Washington D.C. -- (AFPS) February 25, 2001 -- U.N. Security Council weapons inspectors would face a tough job if they return to Saddam Hussein's Iraq, according to U.S. Defense Secretary Donald H. Rumsfeld.
It's enormously important to know what Hussein's doing, Rumsfeld said Feb. 24 on CBS Face the Nation, but U.N. inspectors will have a harder time than ever detecting evidence of the Iraqis' weapons of mass destruction program.
After the Gulf War in 1991, U.N.-mandated sanctions called for Iraq to surrender its weapons of mass destruction and to submit to U.N. inspections. Much has changed in the intervening years, Rumsfeld said.

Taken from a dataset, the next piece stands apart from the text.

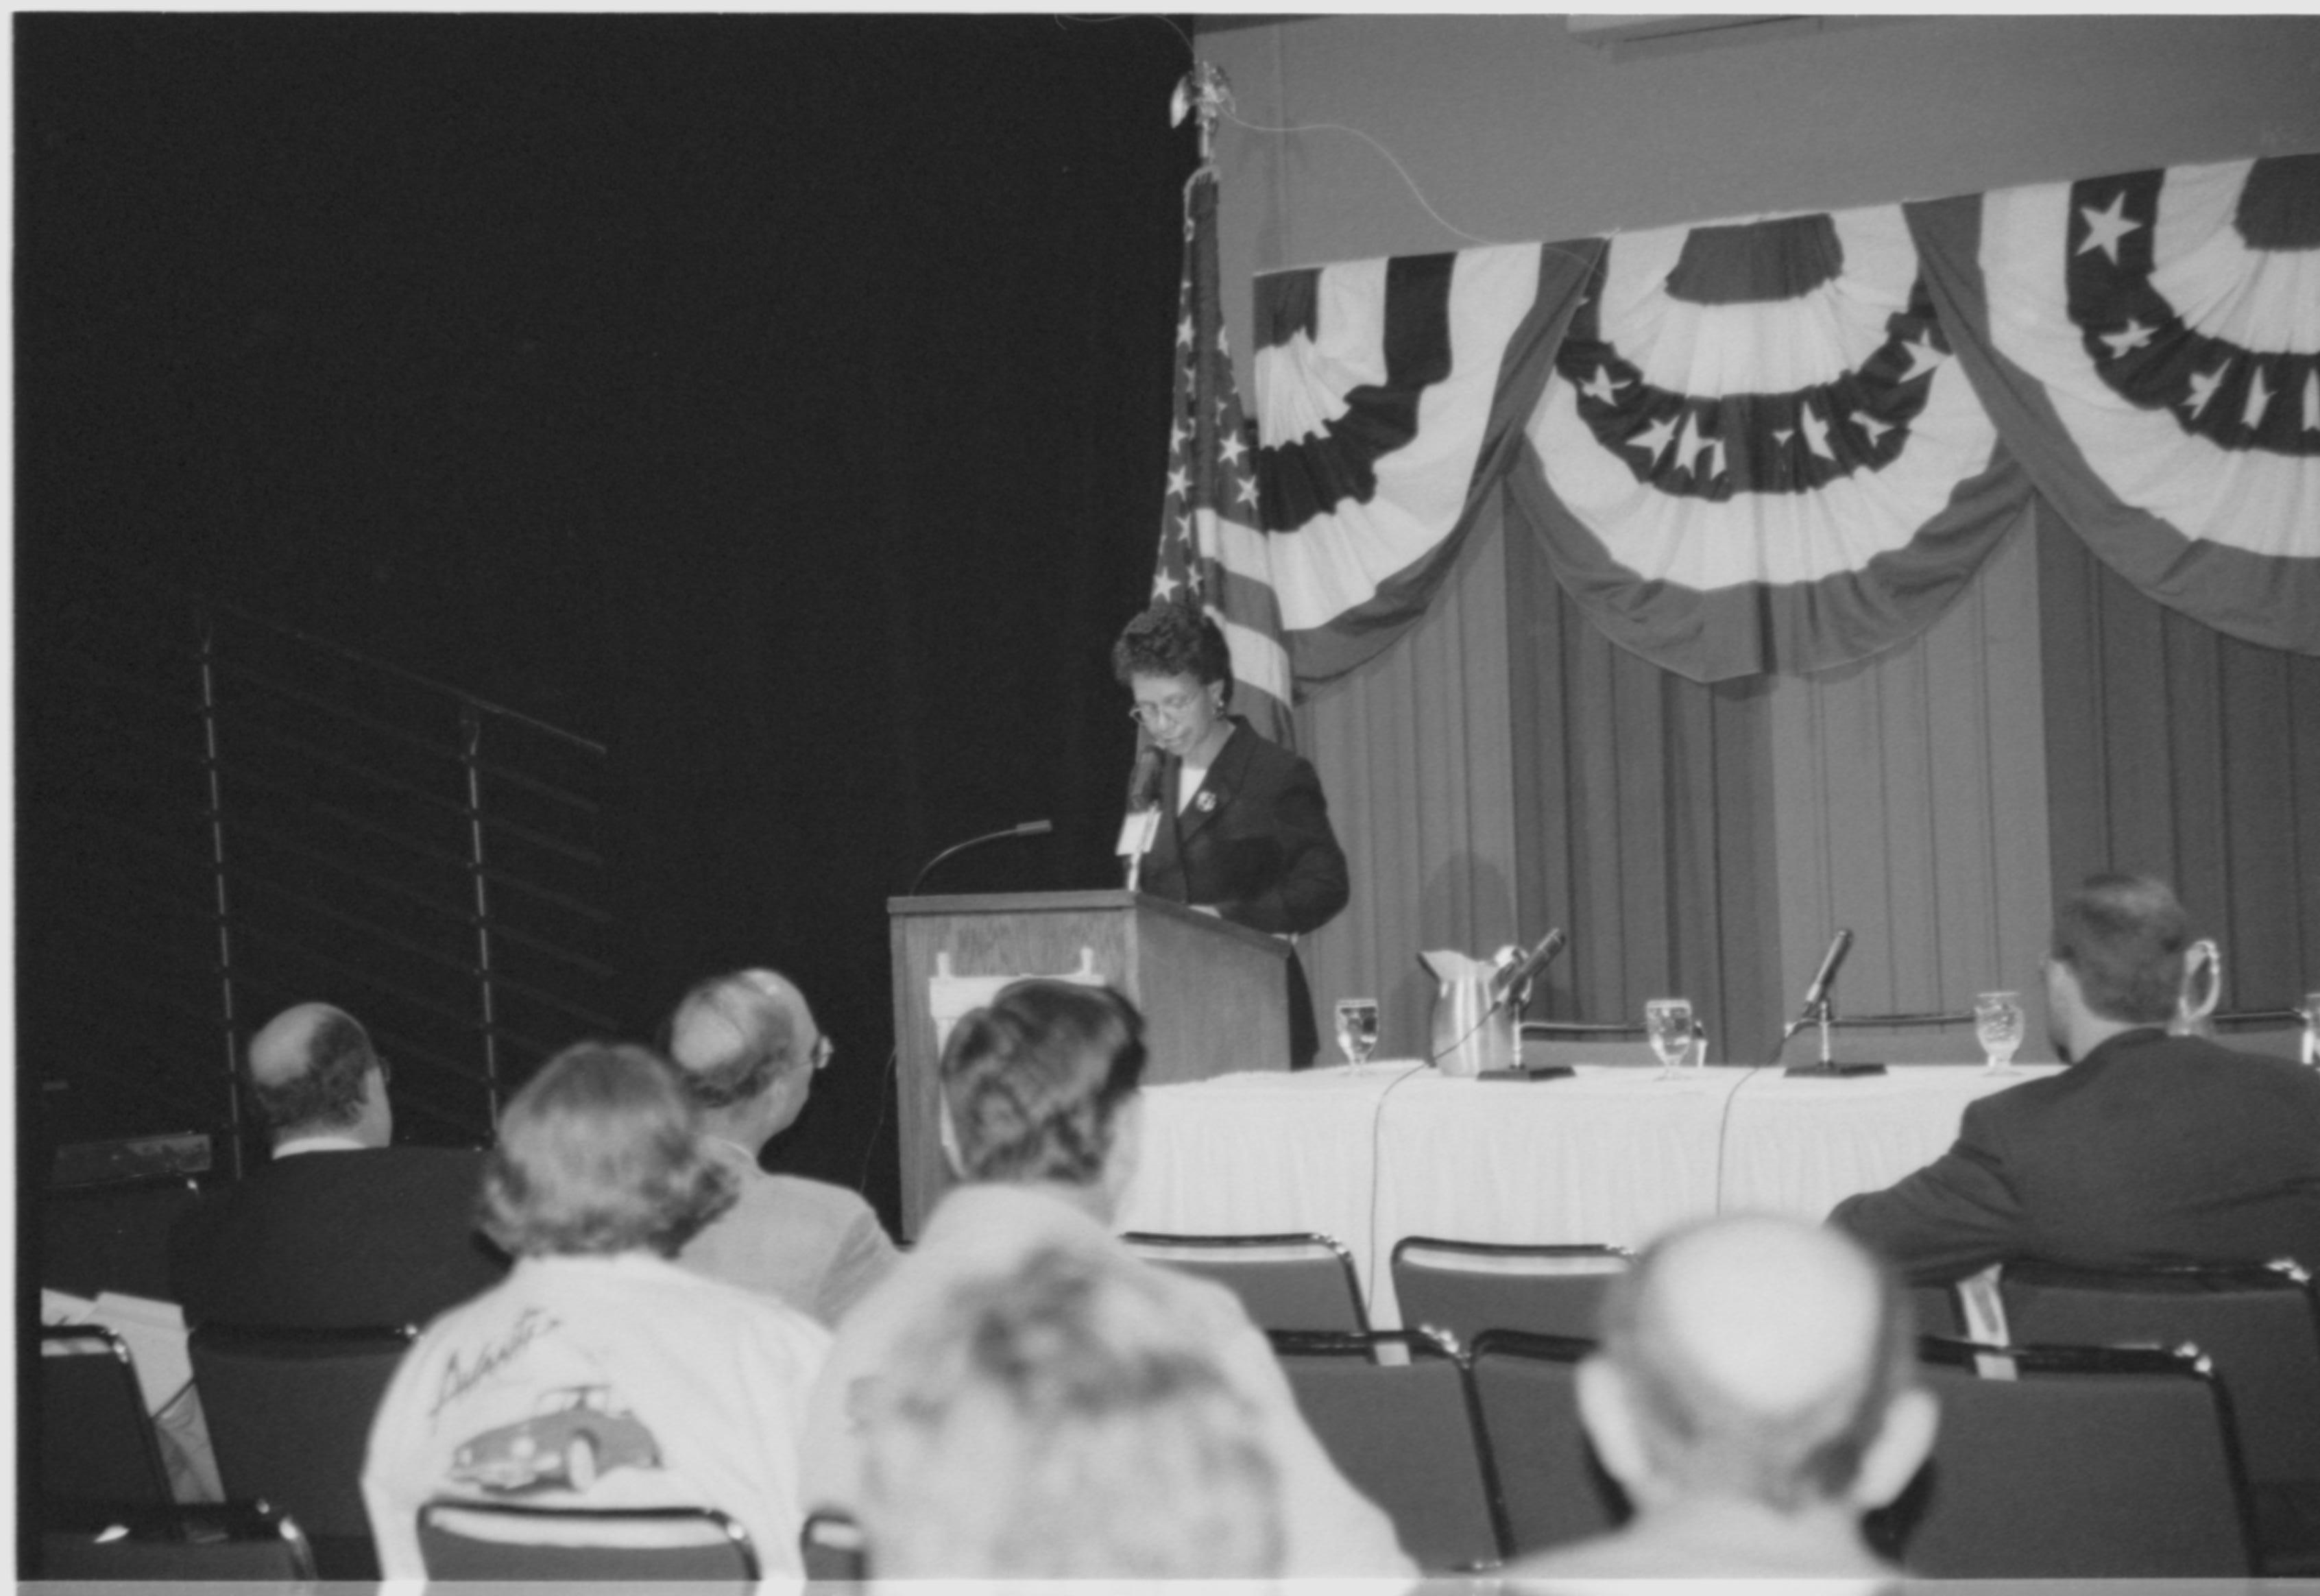 Lady speaking at podium, looking at notes. 1999-16; 32 Colloquium, 1999

The Iraqis refused to cooperate fully with the inspectors and since 1998 haven't allowed inspectors into the country. Rumsfeld said Iraqi officials have advanced their weapons of mass destruction program and they've had more time to go underground. They've acquired dual-use technologies and developed greater degrees of mobility, he said.

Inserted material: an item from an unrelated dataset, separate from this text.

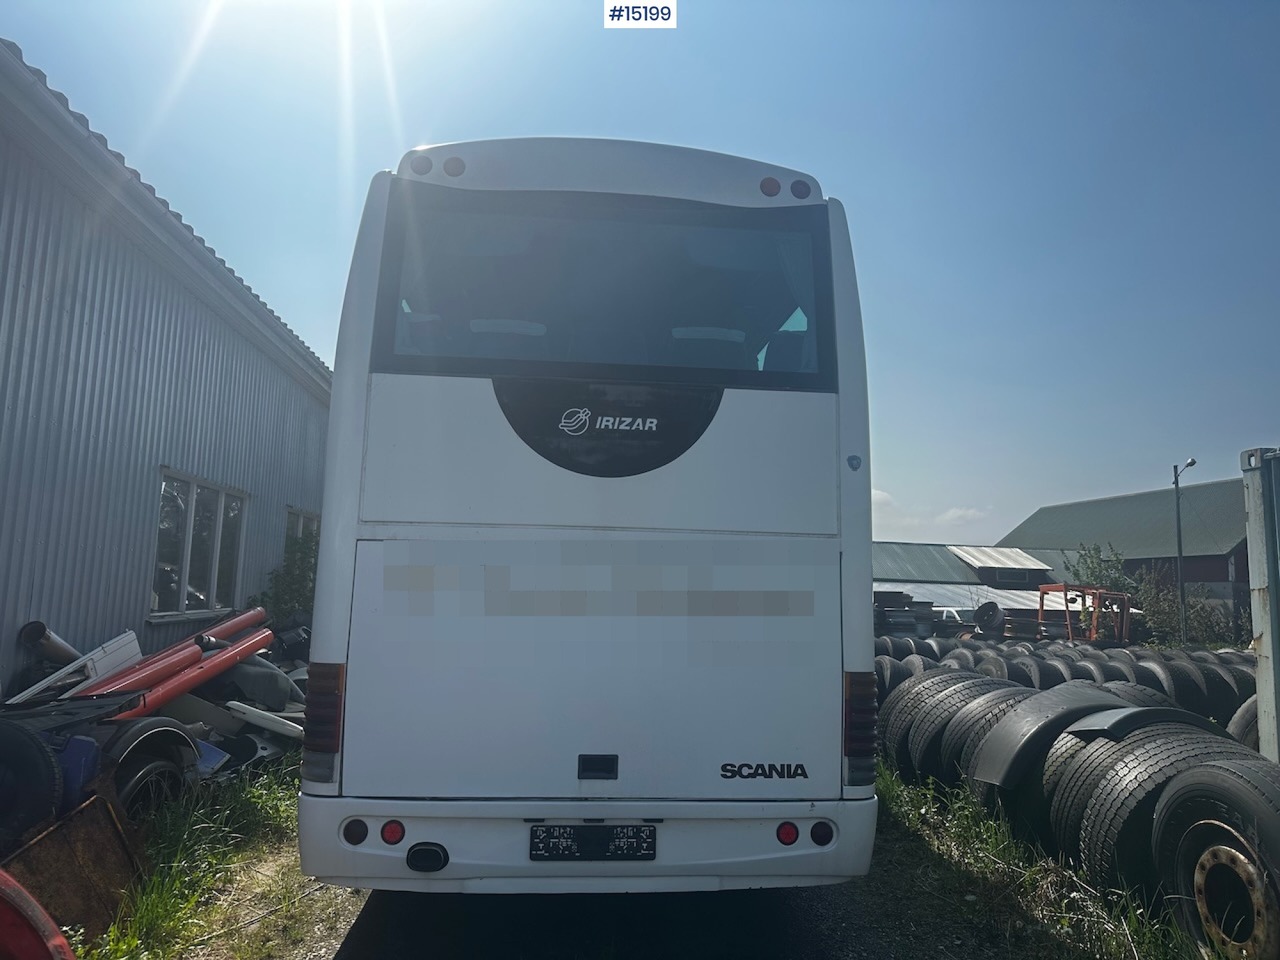 Turystyczny autobus Scania Irizar: zdjęcie 4

Rumsfeld noted President Bush recently called Iraq one of three nations forming an "axis of evil" that threatens U.S. interests. The other two are Iran and North Korea. The secretary said Bush focused world opinion on how those countries treat their people and their neighbors and the dangers they pose as a source of weapons of mass destruction.
"I think it was a very useful thing to do," Rumsfeld remarked.

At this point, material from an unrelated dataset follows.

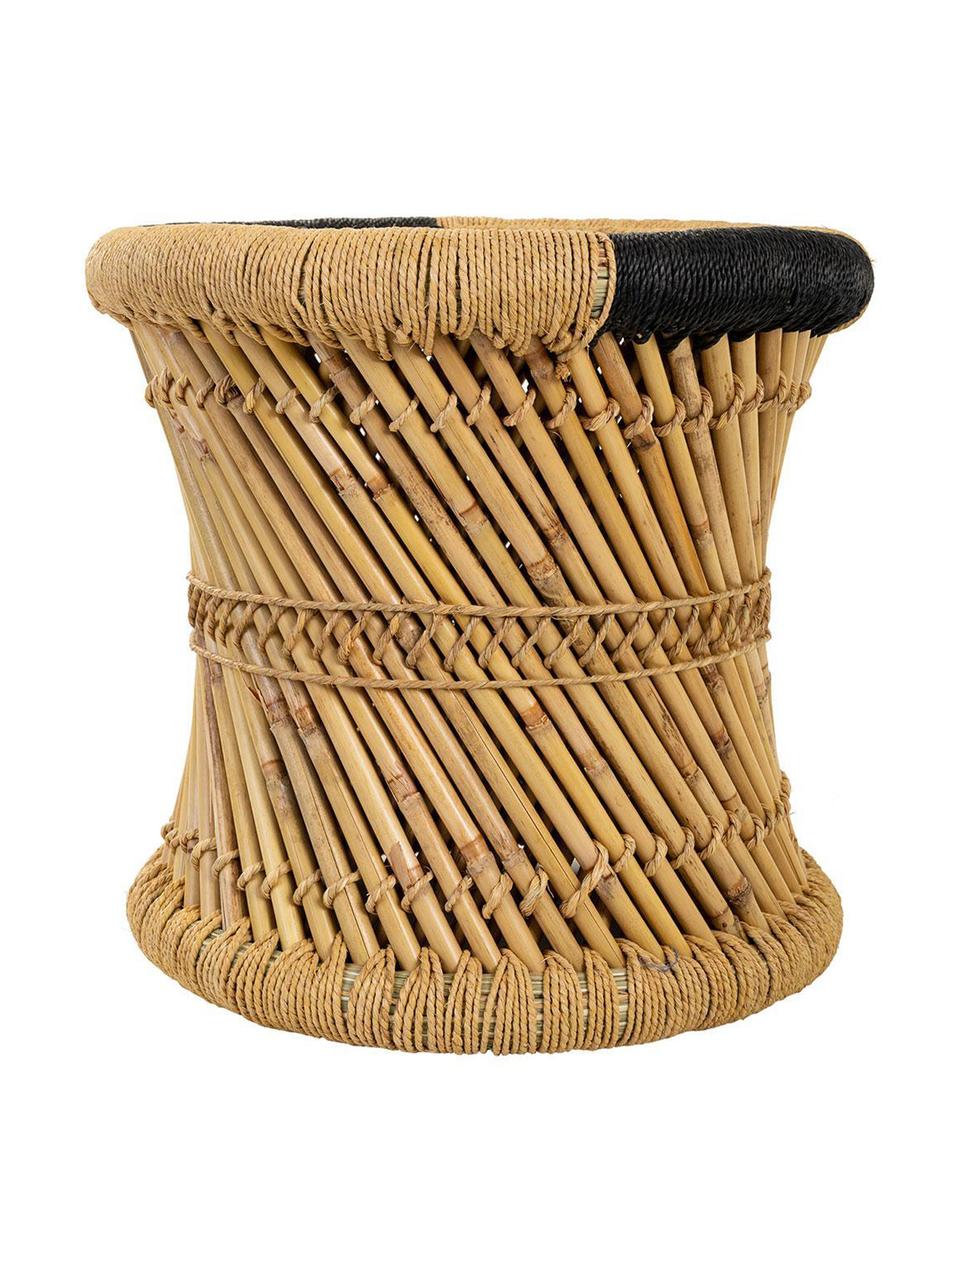 Set de taburetes de exterior Ariadna, 2 pzas., Cuerda, bambú, Beige, negro, Set de diferentes tamaños

In the wake of last year's Sept. 11 terrorist attacks, U.S. administration officials called for the United Nations to reinstitute inspections.
Rumsfeld said that under the best of circumstances, U.N. inspectors would have a tough time in Iraq, where the repressive ruling regime has had years to "hide things, deny things and create mobility where they can actually keep things moving ahead of any inspectors."
"They are very accomplished liars as to what's going on,"
the secretary said. "You could put inspectors all over that place and it would be very difficult to find anything." In the past, U.N. inspectors were successful in part because defectors told them what to look for, "not because they actually found something," he noted. "I'm saying today, the situation is vastly more difficult."
Many more inspectors would be needed and their regime would have to be much more intrusive than before, Rumsfeld said. The Iraqis could not control when inspectors could arrive, where they could go and what they could do, he said, "and the Iraqis aren't going to agree to something like that."
It remains to be seen what U.N. officials ultimately decide and what the Iraqis agree to, he said.
"We have to be very honest with ourselves about what we could accomplish," the secretary said. "I just am saying in all directness, is that we have to go into this with our eyes wide open. It would take a very intrusive regime for us to have any confidence that it would work."